In unserem Land herrscht ein junger Geist und ein Drang nach Veränderung – die Dinge werden nicht so bleiben, sagte er.

Das trifft auf die Büros von Jiddah in Uturn zu, wo Frauen – einige mit Hijab, andere mit unbedeckten Haaren – und Männer an Laptops in einem gemeinsamen Büroraum mit Glaswänden und Tischtennisplatten und Tischfußballtischen arbeiten. Das Unternehmen hat etwa 80 YouTube-Kanäle und beschäftigt etwa 40 Mitarbeiter, die alles von Comedy bis hin zu Shows über Schönheit produzieren – und es plant, zu expandieren.

Dies ist aufregend, lebensverändernd und stärkend, sagte Zoya Shahid, 24, eine Uturn-Mitarbeiterin, die einen Hijab trägt.
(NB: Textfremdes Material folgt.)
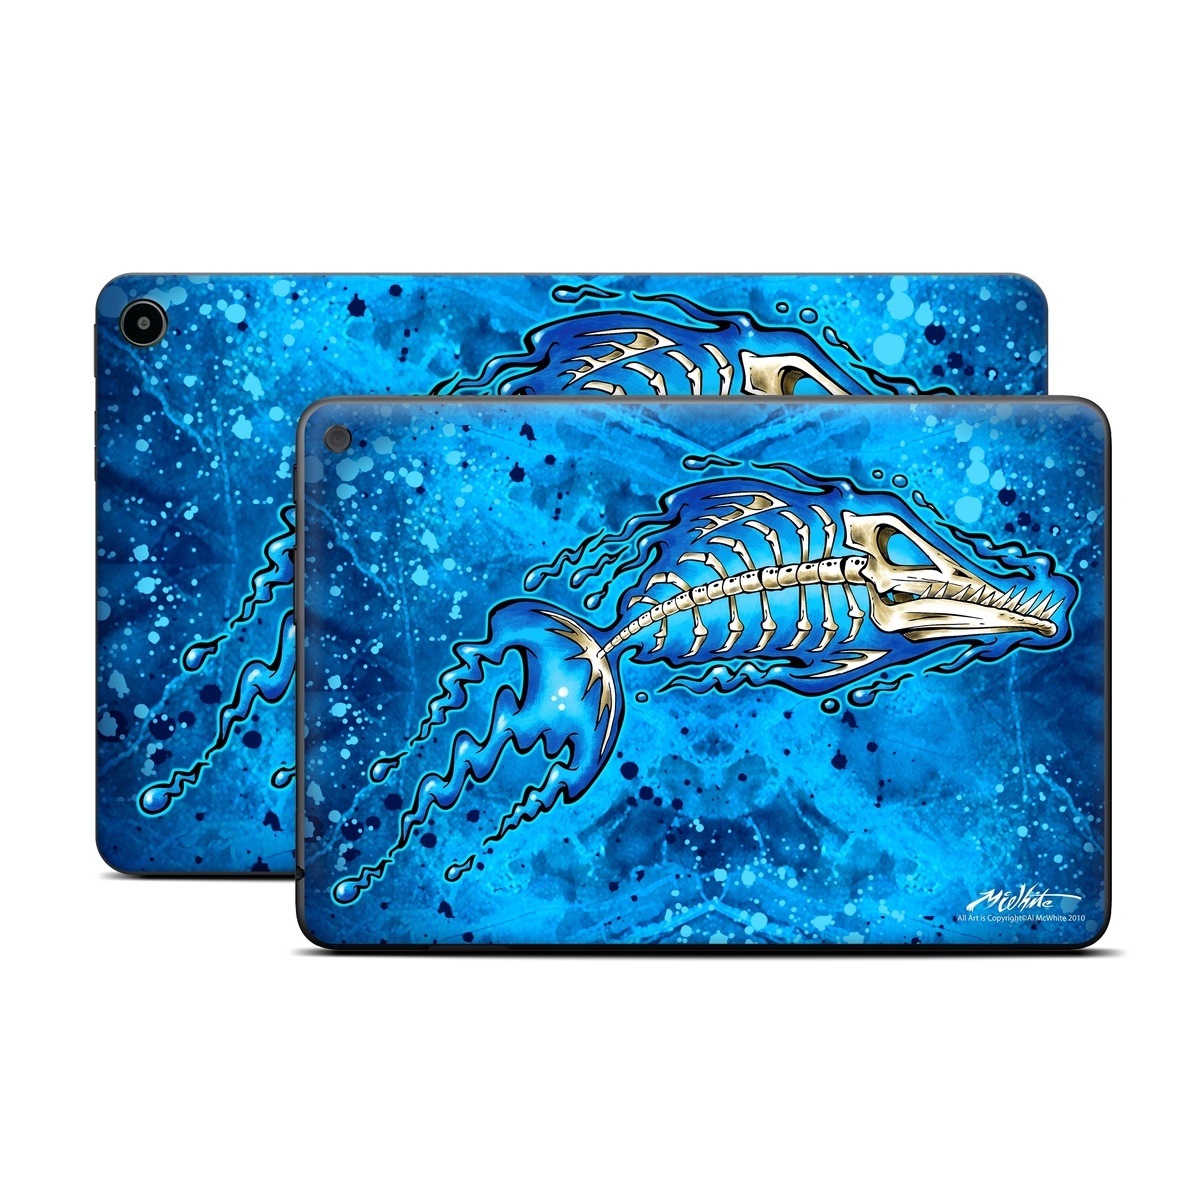 Amazon Fire Tablet Series Skin Skin design of Blue, Water, Aqua, Electric blue, Illustration, Graphic design, Liquid, Graphics, Marine biology, Art, with blue, white colors

Emad Eskander, 34, Creative Director von Uturn, sagte, das Unternehmen halte sich sorgfältig an die kulturellen Normen Saudi-Arabiens. Trotzdem, sagte er, kam die Religionspolizei gelegentlich in ihre Büros, um sich über ihren Inhalt zu beschweren – bis letztes Jahr, als König Salman im Rahmen der Modernisierungsbemühungen einen Großteil der Macht der Religionspolizei beraubte.

Nun, so Eskander, hofft Uturn, die neue Umgebung nutzen zu können, um von Saudis gedrehte Spielfilme über saudische Themen zu produzieren, von denen er hofft, dass sie letztendlich in saudischen Kinos gezeigt werden, die dank der Veränderungen in seinem Land gebaut wurden.

Das ist sehr real, sagte er. Und es ist gut fürs Geschäft.

Sheikha Aldosary hat zu diesem Bericht beigetragen.